With the fundamentals of the algorithm built, our API contract should be revisited.
It should align closer to the following principles:
- **Congruency to the builtin map.**
Our cuckoo table should have the same core functionality as Go's built-in map.
- **Familiarity to the builtin map.**
If our cuckoo table behaves similarly to Go's standard map, our user will intuitively know how to use it.
This lowers the cognitive load our developers must carry.
## Current State
### Interface of the Builtin Map
Listed below is every interface provided by Go to the built-in map object.
Also included, are the functions from the package `maps` in the standard library.
<details>
<summary>Interfaces</summary>
| # | Builtin Interface | Description |
| --- | ---------------------------------- | ----------------------------------------------------------------------------------------------------------------------------------------------------- |
| 1 | `m := make(map[K]V)` | Returns an empty map using the built-in `make()` function. |
| 2 | `m := make(map[K]V, hint)` | Returns an empty map using `make()`, with a capacity 'hint'. This hint is how many items the map expects to hold, _not_ a measure of how large it is. |
| 3 | `m := map[K]V{...}` | Returns a map, which may be filled with entries in the ellipsis (optional). |
| 4 | `var m map[K]V` | Defines an empty _variable_ that holds a map. This differs from #1 because `m` is uninitialized (nil) here. |
| 5 | `m[k] := v` | Assigns the value of `k` to `v`. |
| 6 | `v := m[k]` | Returns the value of `k` if it exists. Otherwise, `v` is uninitialized. |
| 7 | `v, ok := m[k]` | Similar to #6, except `ok` is equal to whether `v` is initialized.
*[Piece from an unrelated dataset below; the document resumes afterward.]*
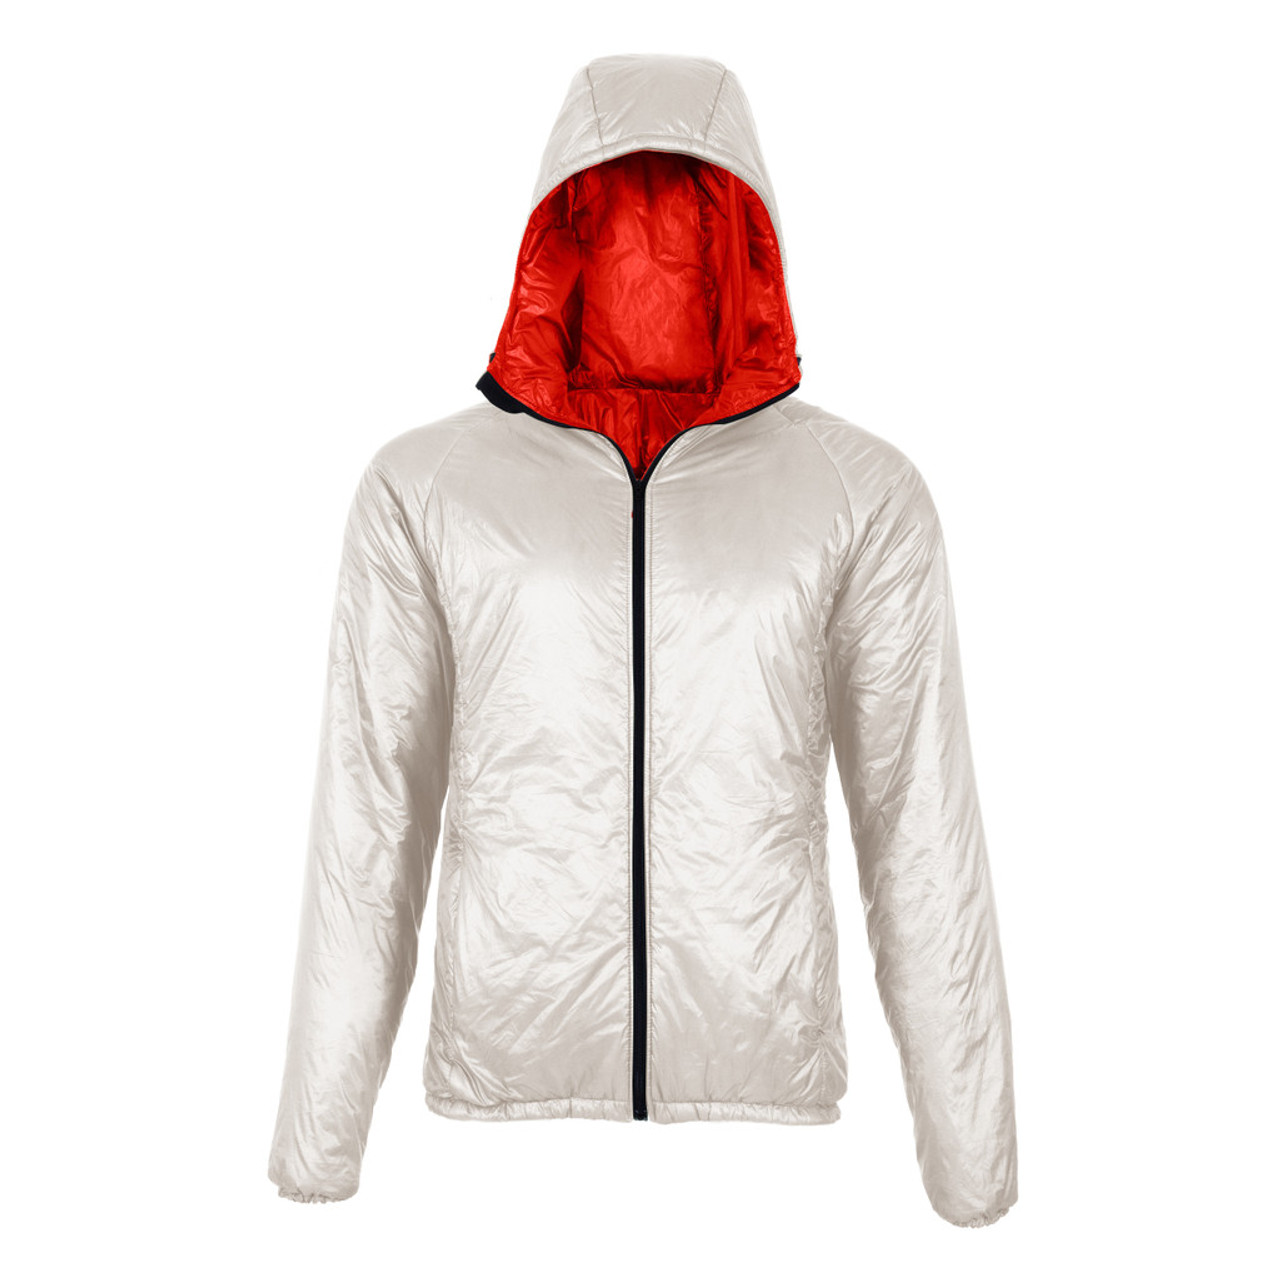 [PRODUCTION 2ND] Men's Torrid Jacket - Hood - XLarge/Tall - White Blaze  10D/Red 10D (217249.03)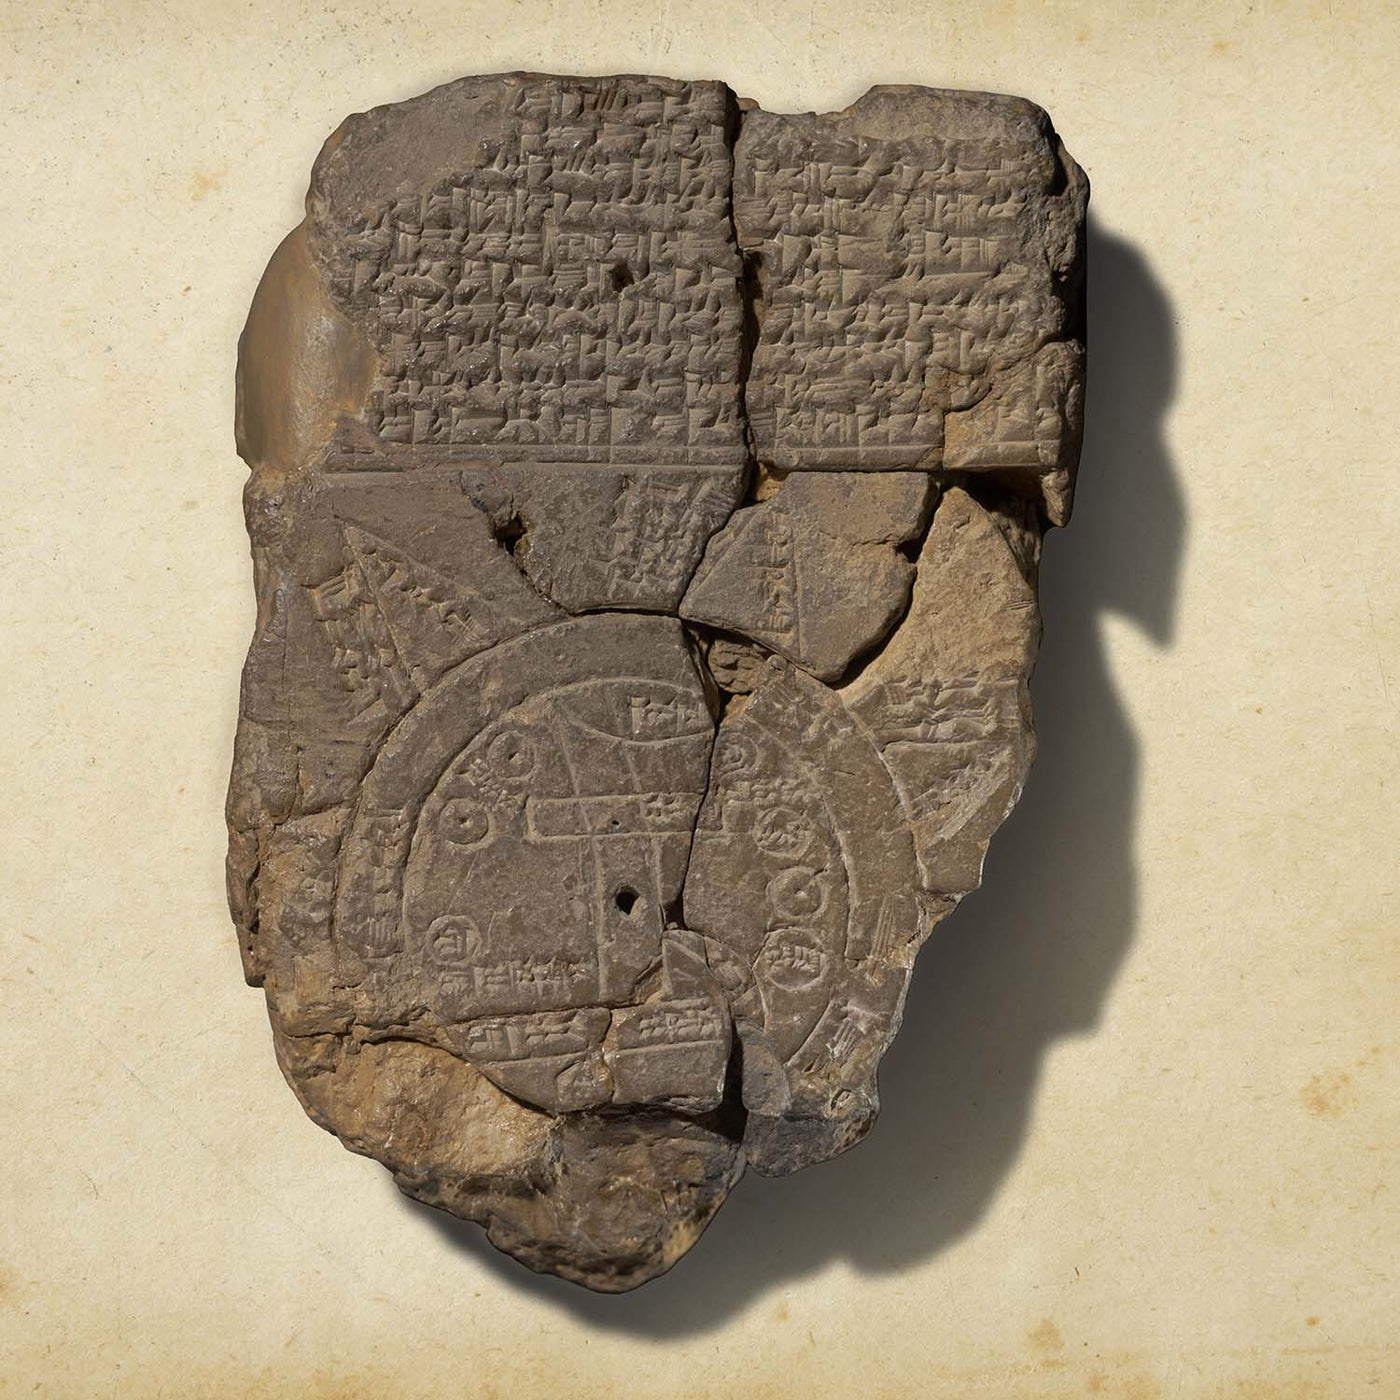 Ancienne carte thématique du monde antique, -600 : Babylone, Nil, mer Méditerranée, Gange, Himalaya

This is comma-ok notation. |
| 8 | `for k, v := range m` | Iterates over every key-value pair in `m`. The order is random. |
| 9 | `delete(m, k)` | Unassigns the value `k`. Returns no value. |
| 10 | `clear(m)` | Unassigns all keys in `m`. Returns no value. |
| 11 | `n := len(m)` | Returns the number of entries in `m`. If nil, `m` returns 0. |
| 12 | `m2 := maps.Clone(m)` | Returns a copy of `m`. |
| 13 | `maps.Copy(dst, src)` | Assigns every entry of `src` in `dst`. |
| 14 | `ok := maps.Equal(m1, m2)` | Returns true iff `m1` and `m2` the same entries. |
| 15 | `ok := maps.EqualFunc(m1, m2, fn)` | Like #14, but with a custom comparator for non-comparable values. |
| 16 | `maps.DeleteFunc(m, fn)` | Removes every entry in `m` which satisfies `fn`. Returns no value. |
| 17 | `it2 := maps.All(m)` | Returns an 2D iterator over every key-value pair. |
| 18 | `it := maps.Keys(m)` | Returns an iterator over every key. |
| 19 | `it := maps.Values(m)` | Returns an iterator over every value. There can be duplicates. |
| 20 | `m := maps.Collect(seq)` | Returns a map, with every entry defined in a 2D iterator over key-value pairs. |
| 21 | `maps.Insert(m, seq)` | Assigns to `m` all key-value pairs in 2D iterator `seq`. Returns no value. |
</details>
### Interface of `go-cuckoo`
On the other hand, here is the current contract for `go-cuckoo`.
<details>
<summary>Interfaces</summary>
| # | Builtin Interface | Description |
| --- | -------------------------------------------------- | ---------------------------------------------------------------------------------------------------------------------------- |
| 1 | `m := New(opts...)` | Creates a table using the default hash and equal function. The options configure its behavior. Confined to comparable keys. |
| 2 | `m := NewBy(keyFunc, opts...)` | Like #1, but allows any key type. A `keyFunc` is used to derive a comparable key. |
| 3 | `m := NewCustom(hashA, hashB, equalFunc, opts...)` | Like #1, but allows control over the hashes used to allow any key type. An `equalFunc` determines key equality. |
| 4 | `seq := m.Entries()` | Returns an unordered 2D iterator of all key-value pairs in the table. |
| 5 | `v := m.Find(k)` | Removes the value for `k`. Returns true if `k` existed. |
| 6 | `v, ok := m.Get(k)` | Returns the value for `k` in the table. Also, returns true if the `k` exists, otherwise false. When false, `v` is undefined. |
| 7 | `ok := m.Has(k)` | Returns true if `k` is in the table. |
| 8 | `err := m.Put(k, v)` | Sets value `v` for key `k`. Otherwise, returns error. |
| 9 | `n := m.Size()` | Returns the number of items in `m`. |
| 10 | `str := m.String()` | Returns `m` as a string in the format "table[k1:v1 k2:v2 ...]". |
| 11 | `cap := m.TotalCapacity()` | Returns how many slots `m` has allocated. |
| 12 | `ok := m.Drop(k)` | Removes `k` from the table. Returns whether the key had existed. |
</details>
### Determining Congruency
So, how does the core functionality compare?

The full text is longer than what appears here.